Evans and Fournette were ruled out shortly after suffering their injuries, which is never a good sign, and Godwin is believed to have suffered an MCL sprain, per NFL Network's Ian Rapoport. It's good news that it isn't worse, but Godwin will almost certainly end up missing some time, and Evans and Fournette could be right there with him.

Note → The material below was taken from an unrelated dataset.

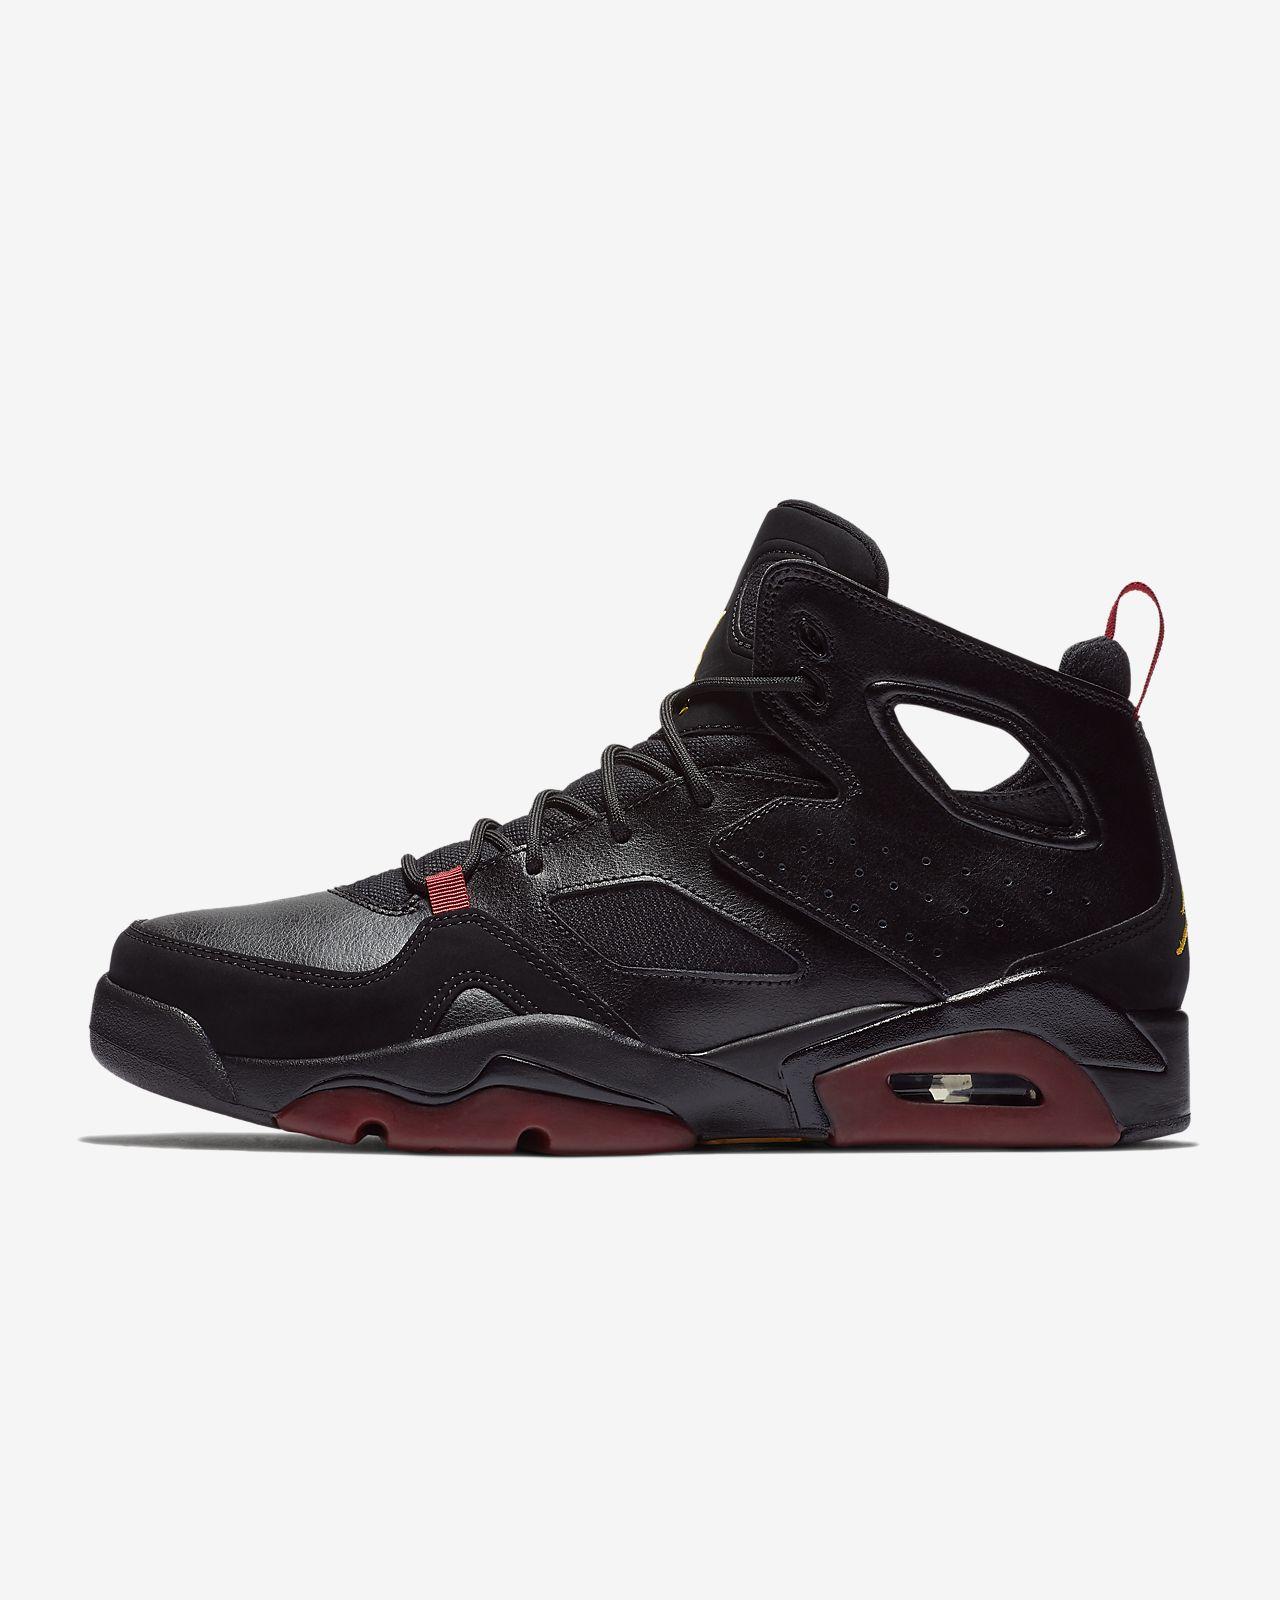 shiny jordans shoes

And those aren't the only high-profile injuries from Sunday, obviously. Before we get to the top early waiver-wire targets and the biggest winners and losers (and there were a lot of the latter), here are the injuries we'll be watching as we get ready for Week 16 if you were lucky enough to be in line to move on:
- Joe Mixon (ankle) – Mixon watched the end of the game in visible frustration on the sidelines after suffering the injury, and it looked like he was really trying to get cleared to go back into the game. The fact that he wasn't is obviously a concern, and it could make Samaje Perine one of the top waiver-wire targets for Week 16 if it looks like Mixon is going to miss time. He'll have a tough matchup against the Ravens, but Perine would be a top-24 RB in all likelihood if Mixon is out.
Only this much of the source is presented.